I can't offer any advice from a poly relationship standpoint, but I have had those coming out experiences with my family and friends.

My suggestions would be to just have you and your hubby there for the discussion with the the family. Tell them you have something important to talk to them about, set aside some time, and just be open and honest. If you can pull together some good writing about successful/healthy poly relationships that you can share with them even better.

Be prepared to answer awkward questions, be ready to have some people confused/upset, and be ready to do some followup. Just really stress that this is what makes you as a couple whole and happy.

Coming out as poly has to be a little more foreign than even coming out as trans, but both are definitely more difficult than coming out as gay/lesbian because they're just more foreign to most people's experiences.
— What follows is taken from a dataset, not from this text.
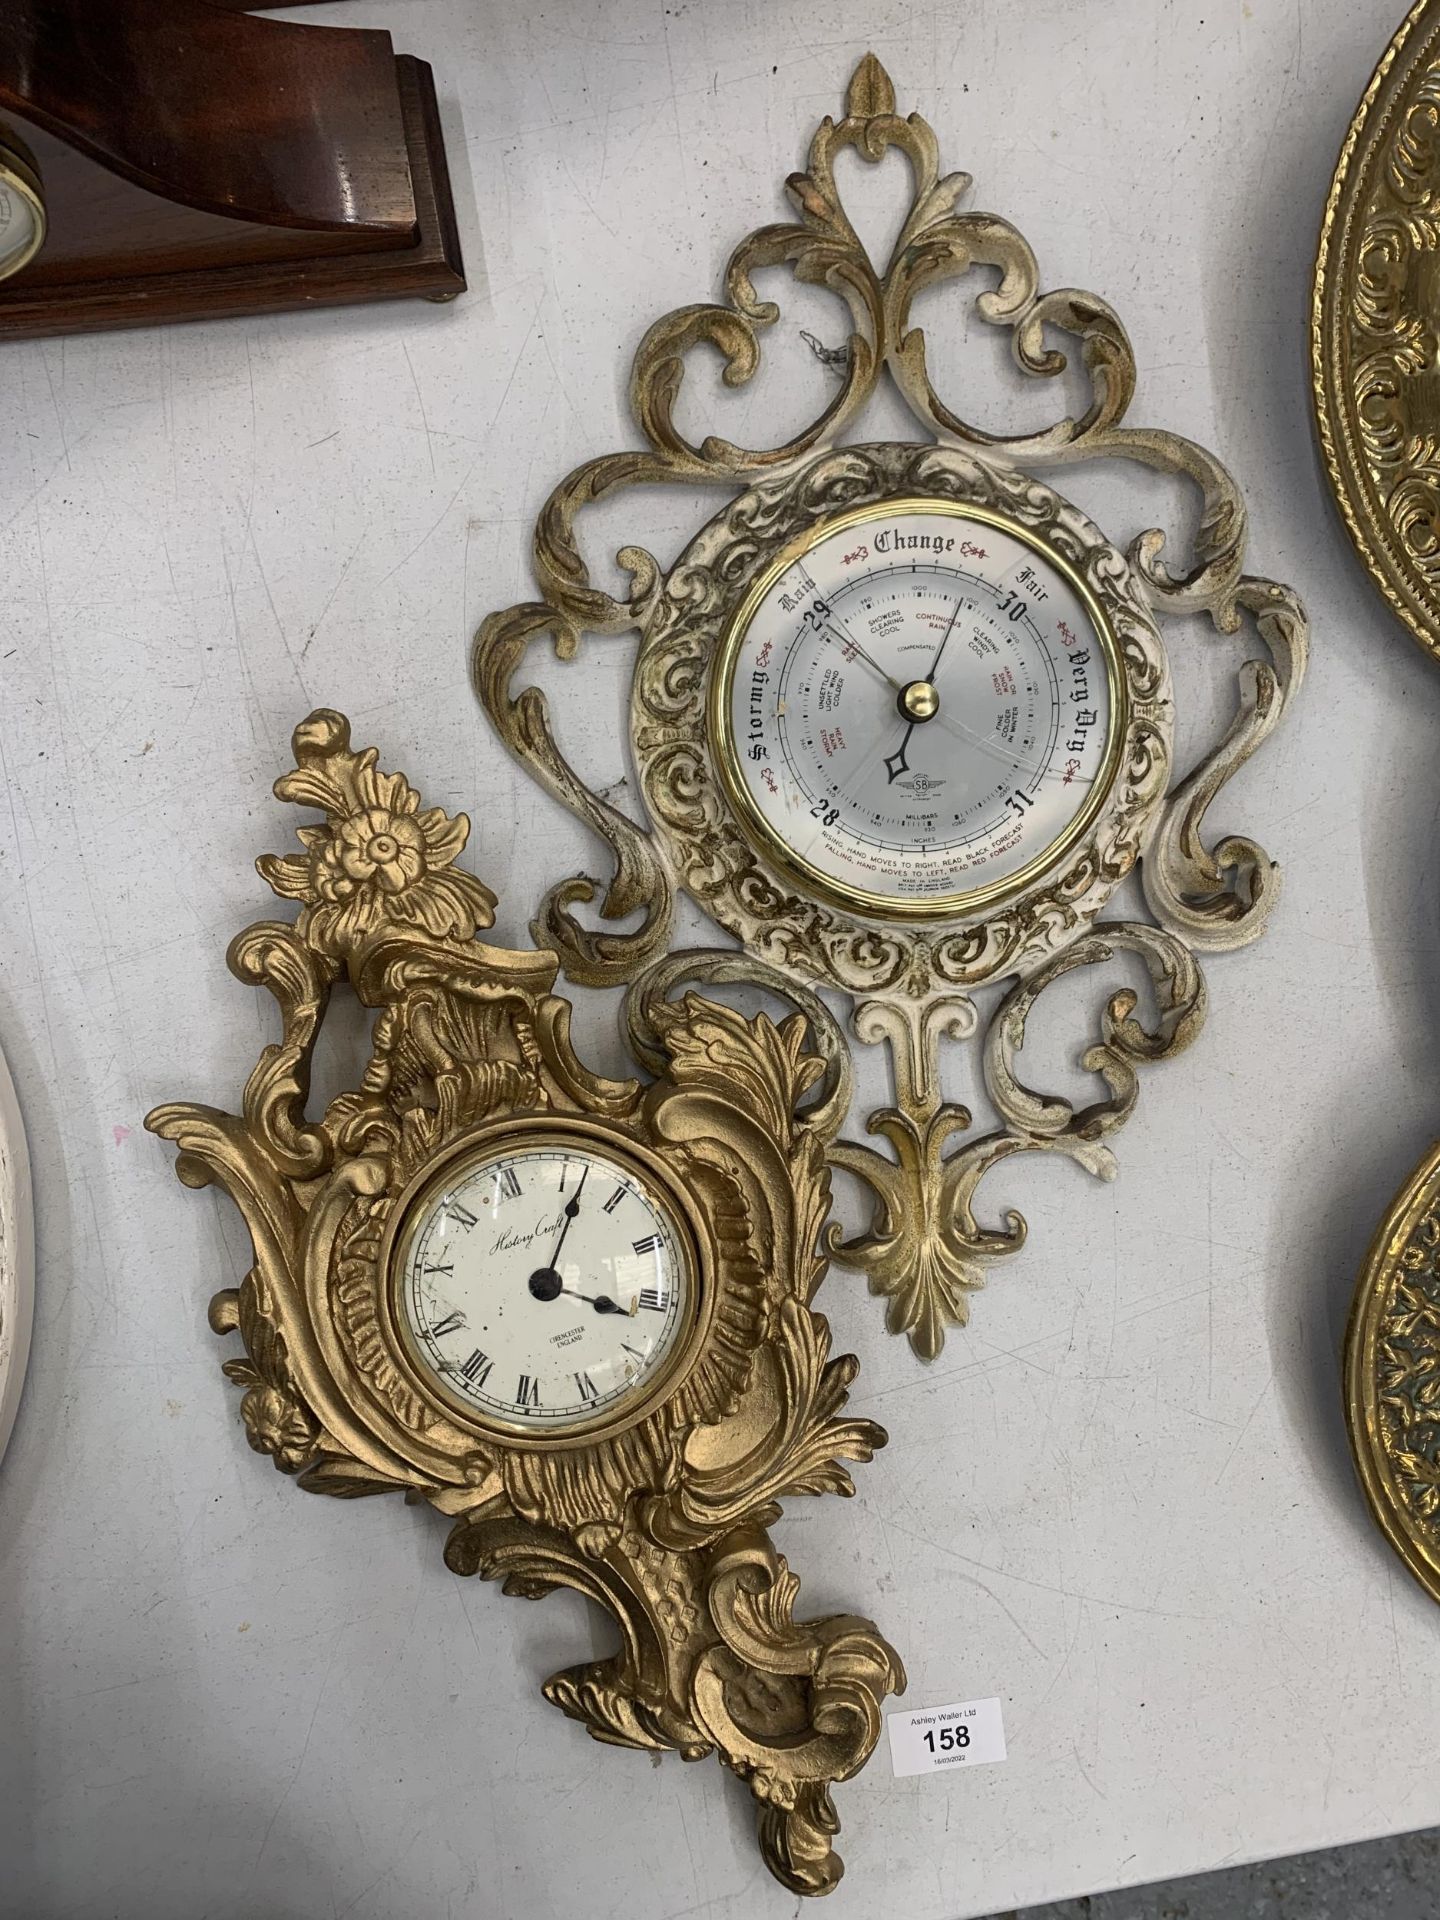 AN ORNATE STYLE RESIN BAROMETER AND A WALL CLOCK

Seems like definitely a good conversation to have before you have any kids.
04/16/2013
Contributor: KrissyNovacaine KrissyNovacaine
Quote:
Originally posted by Ciao.
I can't offer any advice from a poly relationship standpoint, but I have had those coming out experiences with my family and friends.

My suggestions would be to just have you and your hubby there for the discussion with the the family. ... more
Thanks for the feedback. I need to try to not get defensive.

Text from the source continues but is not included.